Leave out the pictures and output the data verbatim.

* Collected data

-----

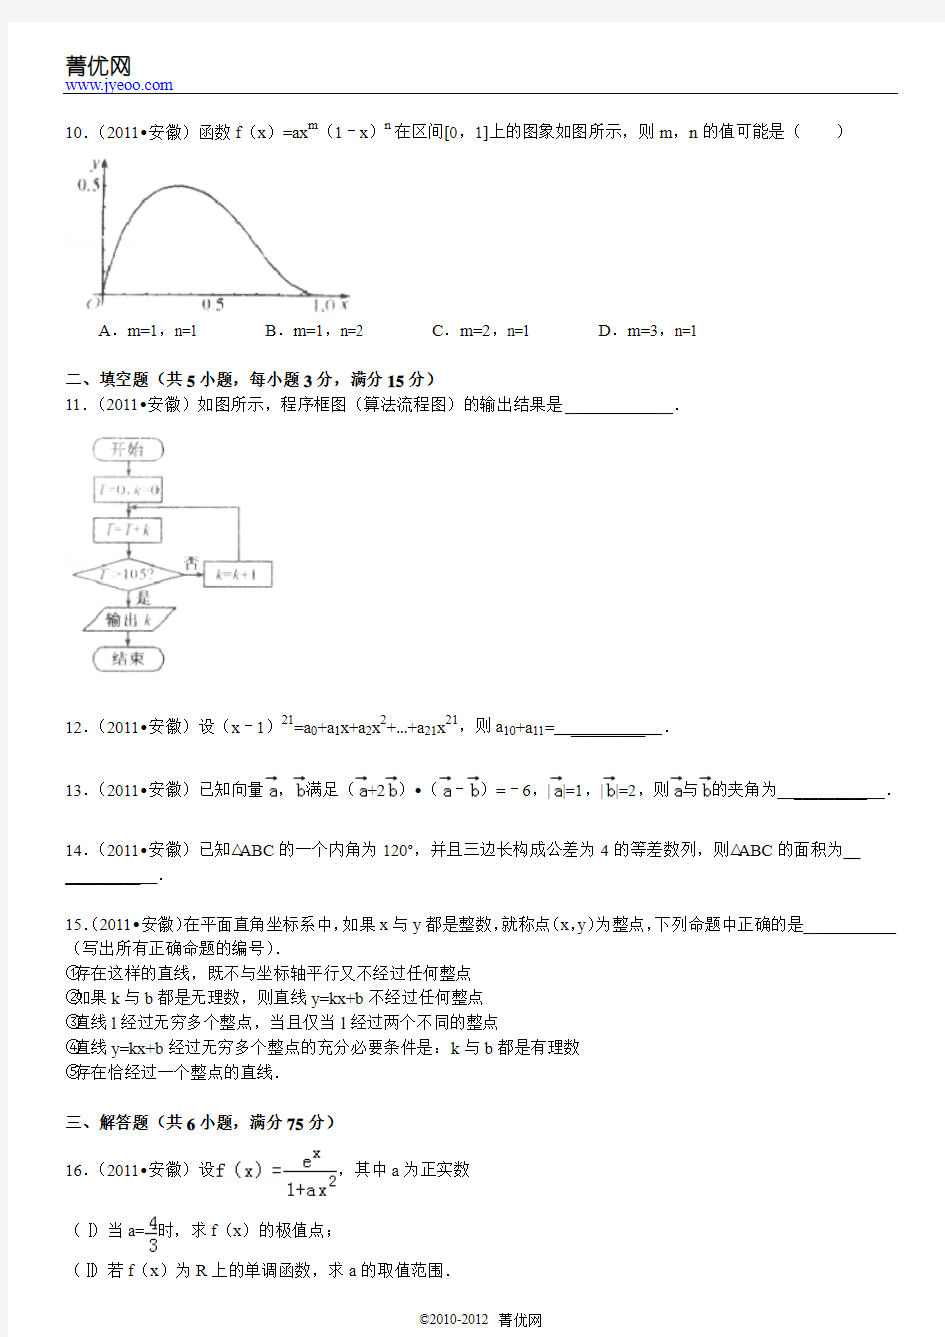 2011年安徽省高考数学试卷(理科)
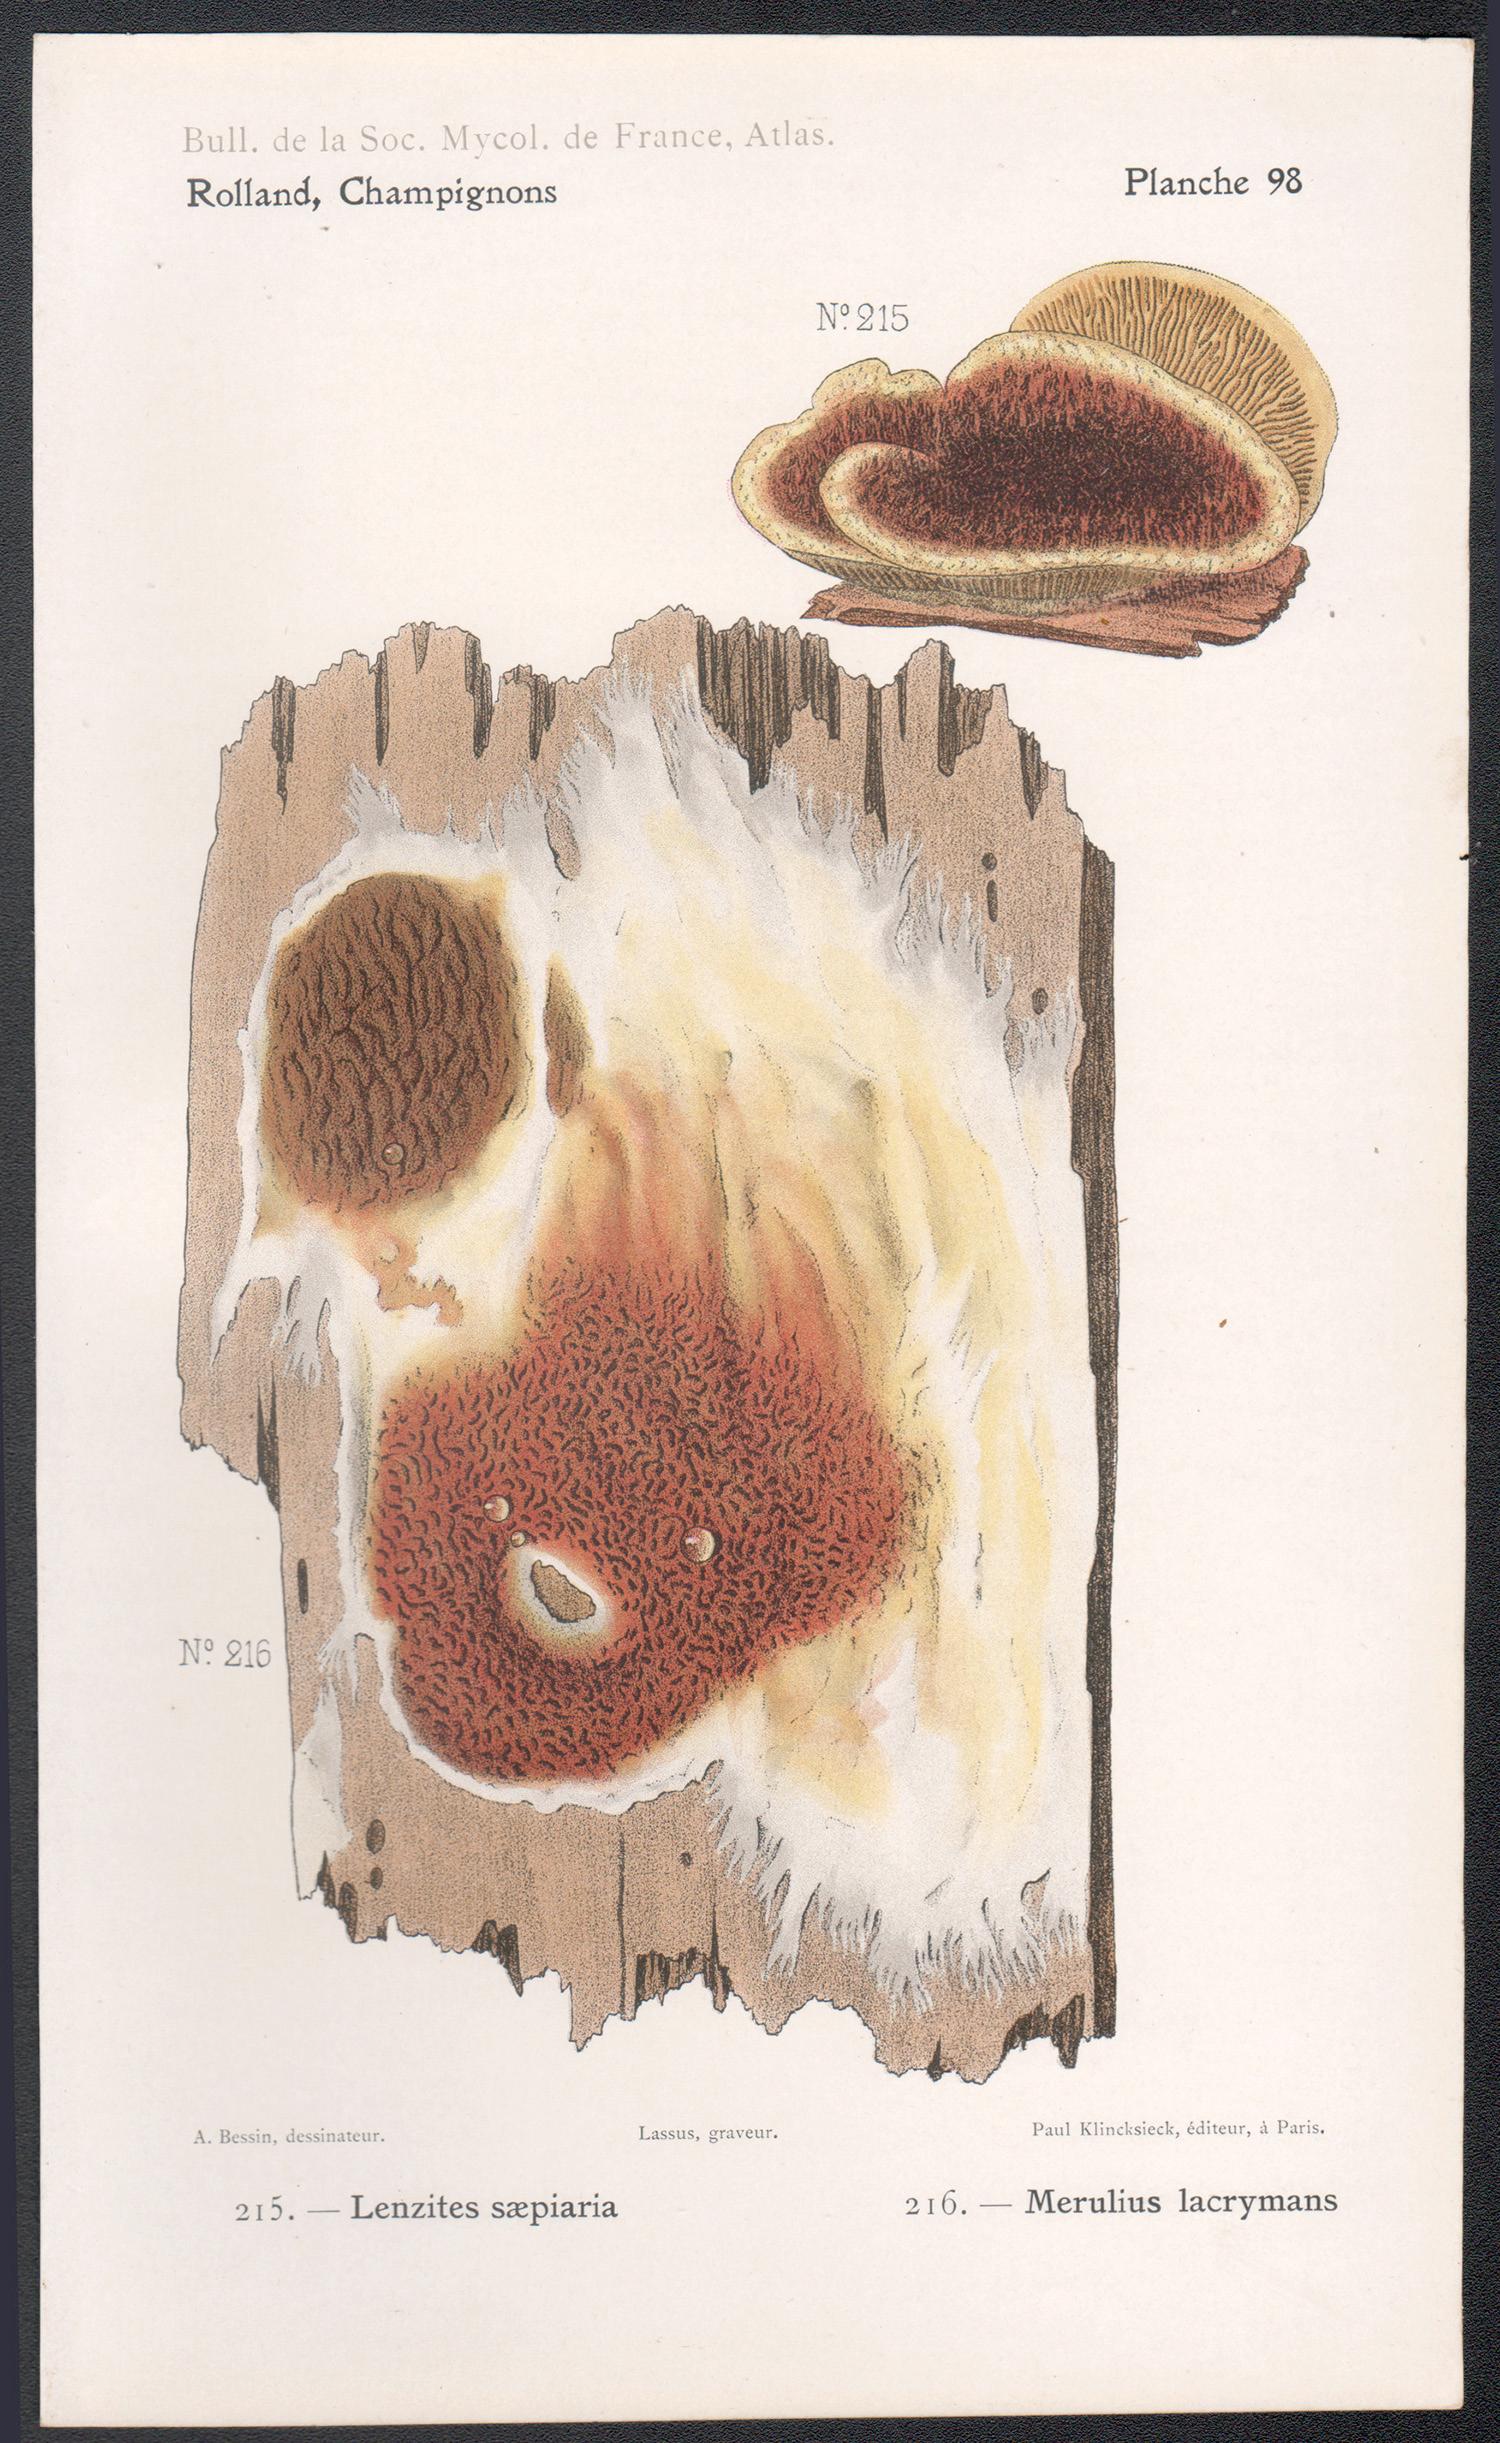 Champignons, chromolithographie française ancienne de champignons champignons, 1910 - Print de Lassus after Aimé Bessin
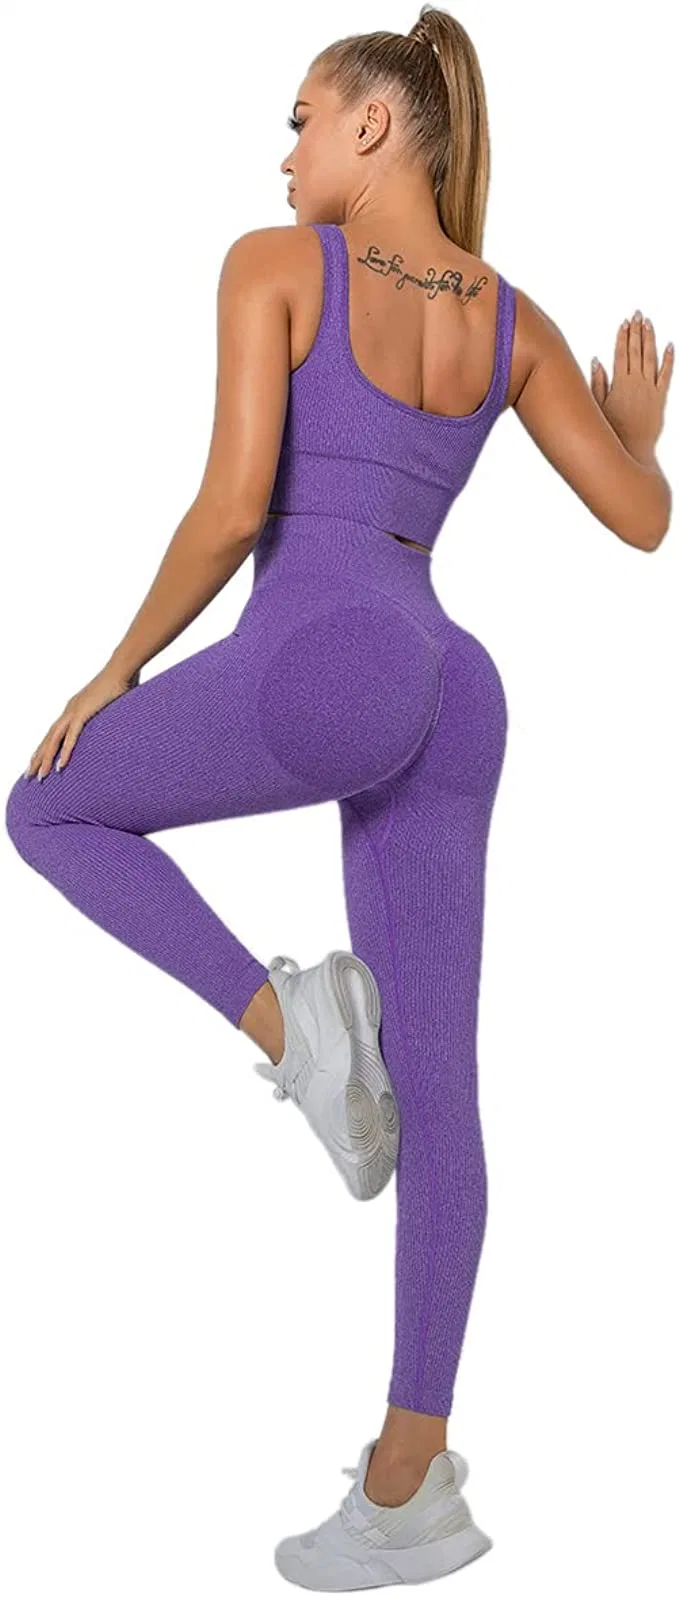 Fitness Gym Wear Yoga Bekleidung Sportbekleidung für Frauen

-----

* Exercise solution
 2011年安徽省高考数学试卷(理科)
 Champignons, chromolithographie française ancienne de champignons champignons, 1910 - Print de Lassus after Aimé Bessin
 Fitness Gym Wear Yoga Bekleidung Sportbekleidung für Frauen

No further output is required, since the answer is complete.